I am trying to set up a network to train on fMRI task data (sequential volumes) along side with T1 (single volume). fMRI data has 1200 volumes for one single subject. What is a smart and efficient way to set up this data loader to avoid memory issues? Help me brain storming on this.
Thank you in advance,
It depends on you resources. The fastest way is always using numpy arrays with memory map but ofc that’s raw data and you need hard disk to store it. If your data is compressed then you will have to pay the price of reading and decoding.

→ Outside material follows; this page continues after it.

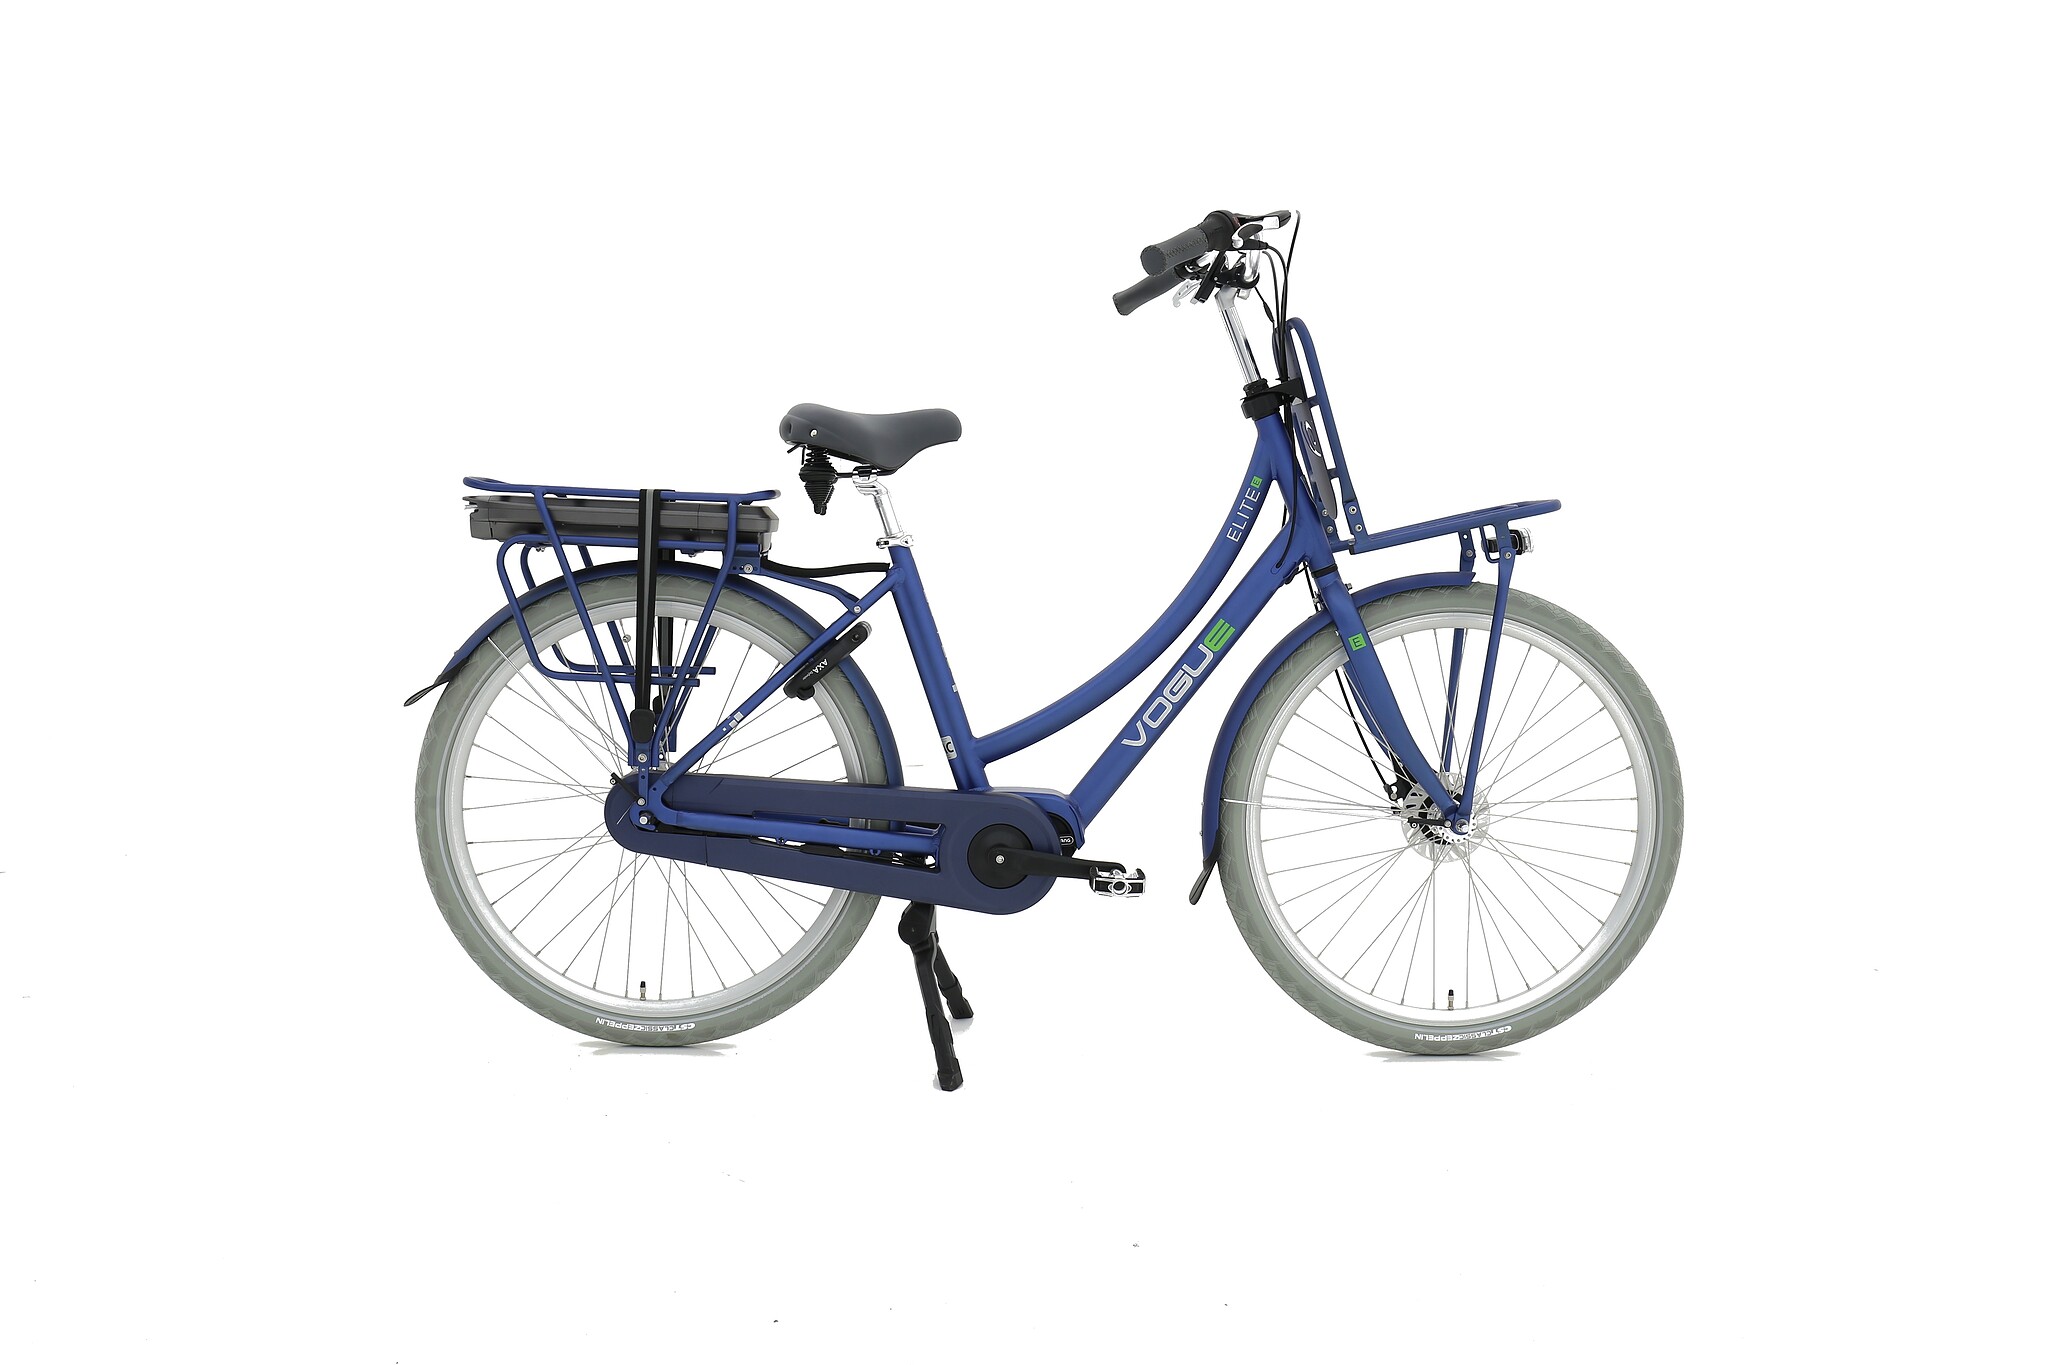 Wardianzaak Droogte Getalenteerd Vogue Elektrische fiets Elite M300 Dames 50 cm Blauw 468 Wh Blauw -  FietsenMagazijn

If your data is too big to fit in memory. You can use a Dataset/Dataloader similar to what is used for Imagenet: Every time a sample is needed, it is read on the disk, preprocessed then returned. The dataloader
num_workers argument allow you to have multiple processes doing this loading/preprocessing on the side to make sure it is not a bottleneck.
In particular, you can implement your own torch.utils.data.Dataset. Which requires to implement a
__getitem__ to retrieve one sample from your dataset and
__len__ that tells the length of your dataset.
You should do loading and any required preprocessing in the
__getitem__ method and return one sample ready to be forwarded in your network.
Then you can use the basic dataloader with few workers to make that dataset loading parallel ! Note that you should experiment with the number of workers and find the best one by experiment.